Objective. To determine the probabilities of predicting possible complications after surgery in patients with the diagnosis of prostate cancer using artificial intelligence methods.
Materials and methods. Case histories of 701 patients who underwent prostatectomy were analyzed in the study. The anamnesis, findings of clinical, laboratory and instrumental study, as well as objective data of clinical observations were evaluated. The average age was 64.72. On the basis of the set of examination results, patients were selected according to the following inclusion criteria: prostate cancer patients without confirmed metastases with disease stage from T1N0M0 to T3N0M0; absence of previous and concomitant special treatment (immunotherapy or targeted therapy); informed consent to the surgery. Logistic regression, a binary classifier using a sigmoidal activation function on linear combinations of features, was used as a machine learning model.

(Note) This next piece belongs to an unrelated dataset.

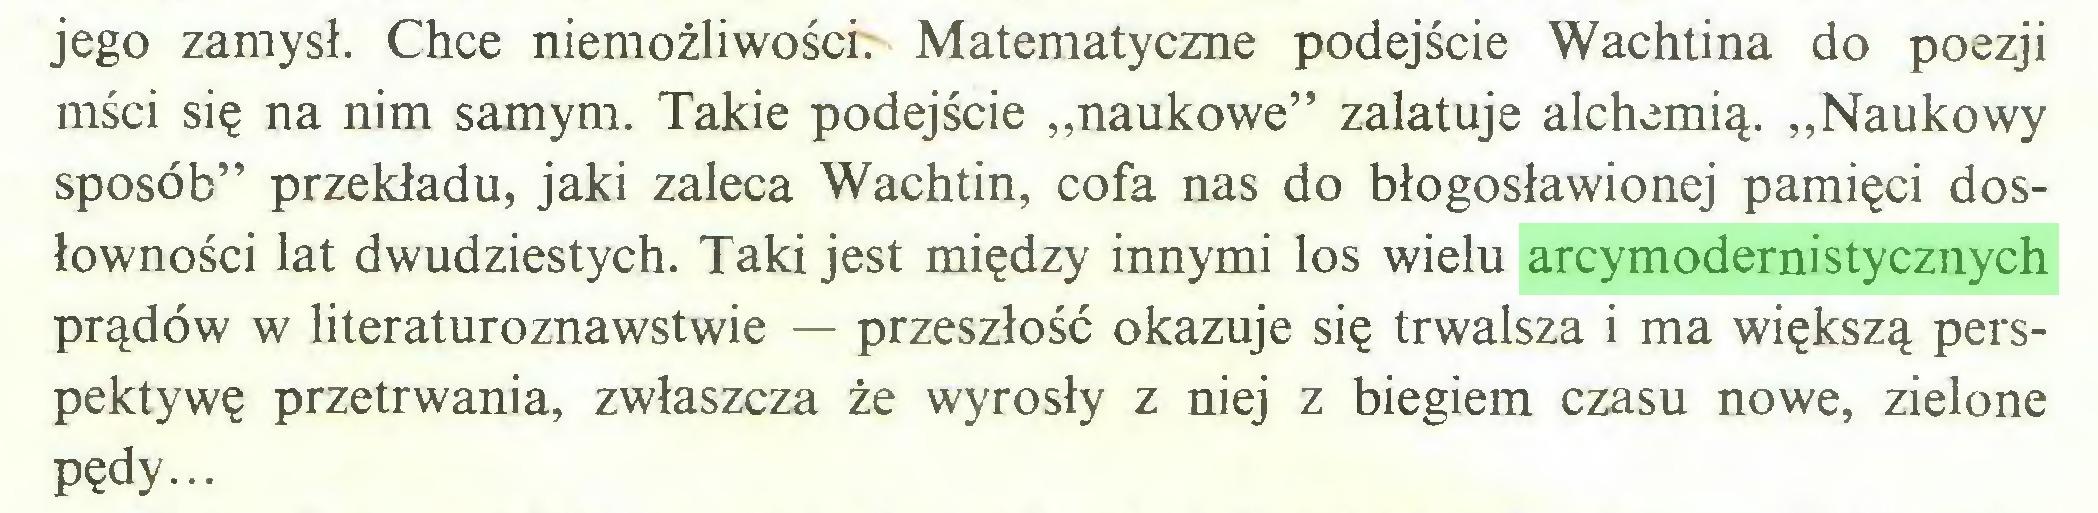 """(...) jego zamysł. Chce niemożliwości Matematyczne podejście Wachtina do poezji mści się na nim samym. Takie podejście """"naukowe"""" zalatuje alchemią. """"Naukowy sposób"""" przekładu, jaki zaleca Wachtin, cofa nas do błogosławionej pamięci dosłowności lat dwudziestych. Taki jest między innymi los wielu arcymodernistycznych prądów w literaturoznawstwie — przeszłość okazuje się trwalsza i ma większą perspektywę przetrwania, zwłaszcza że wyrosły z niej z biegiem czasu nowe, zielone pędy..."""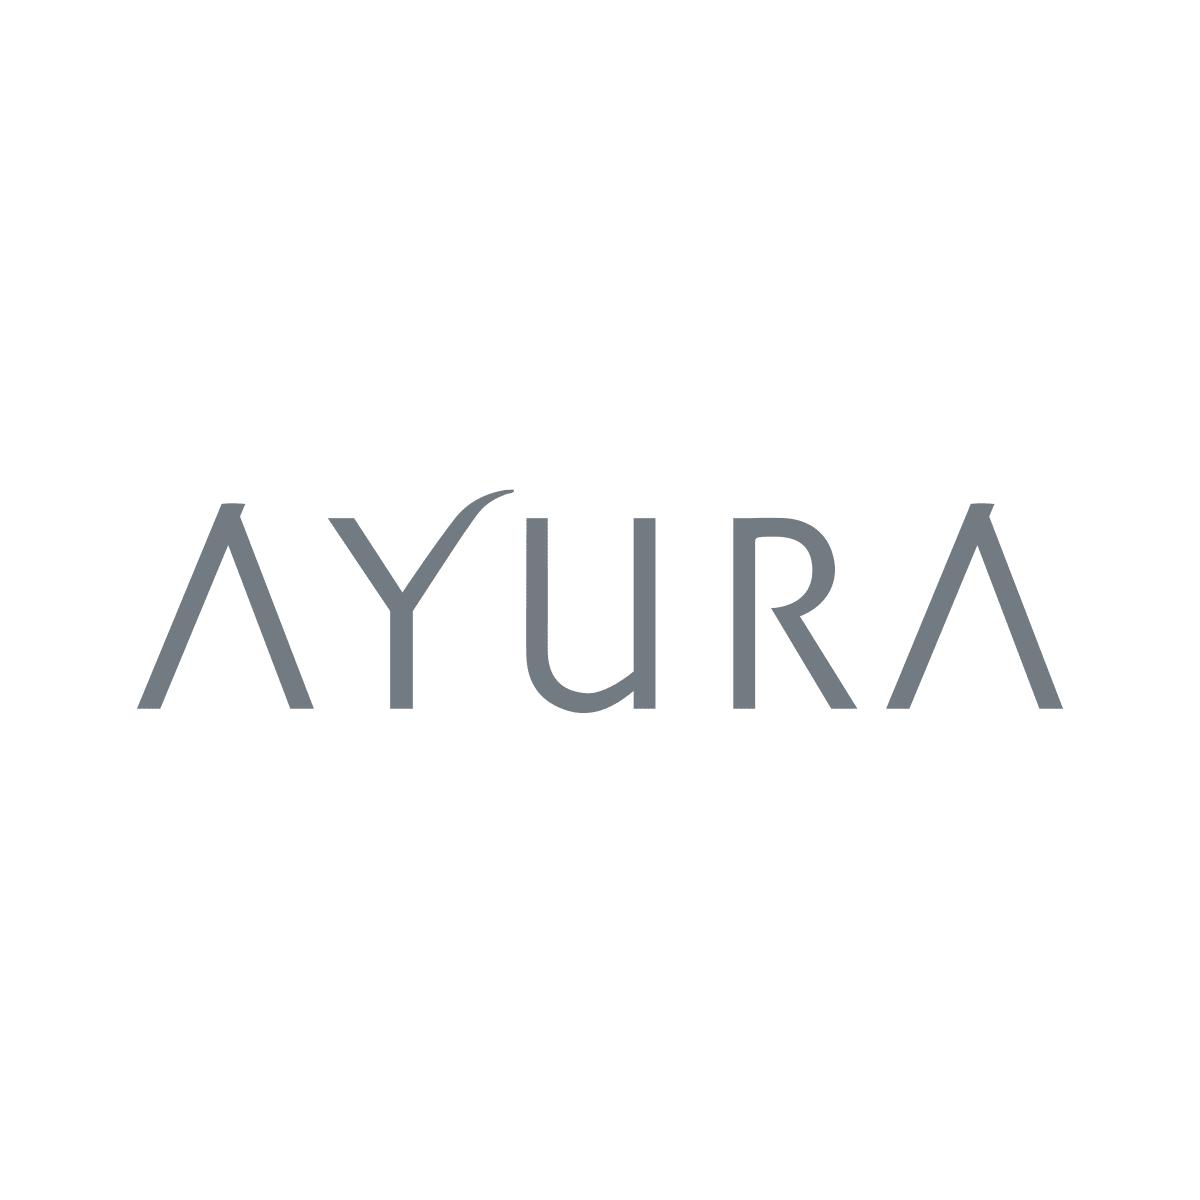 AYURA(アユーラ)

Results. It was determined that the logistic regression model based on selected parameters (prostate volume, pain syndrome, disease duration), predicts the probability of complications quite well (TPR=1). The overall accuracy of the model is: Accuracy=0.98. At the same time, it can be noticed from the agreement matrix that the trained model plays it safe and classifies some cases without complications incorrectly in 5.3% (FNR=0.053). However, the model never made an error and did not classify cases with a high risk of complications as those in which such a possibility was unlikely.
Conclusions. The results obtained show that on the basis of just three parameters (prostate volume, pain syndrome, duration of the disease), it is possible to build a fairly good predictive model of the probability of complications after prostatectomy based on such machine learning method as logistic regression.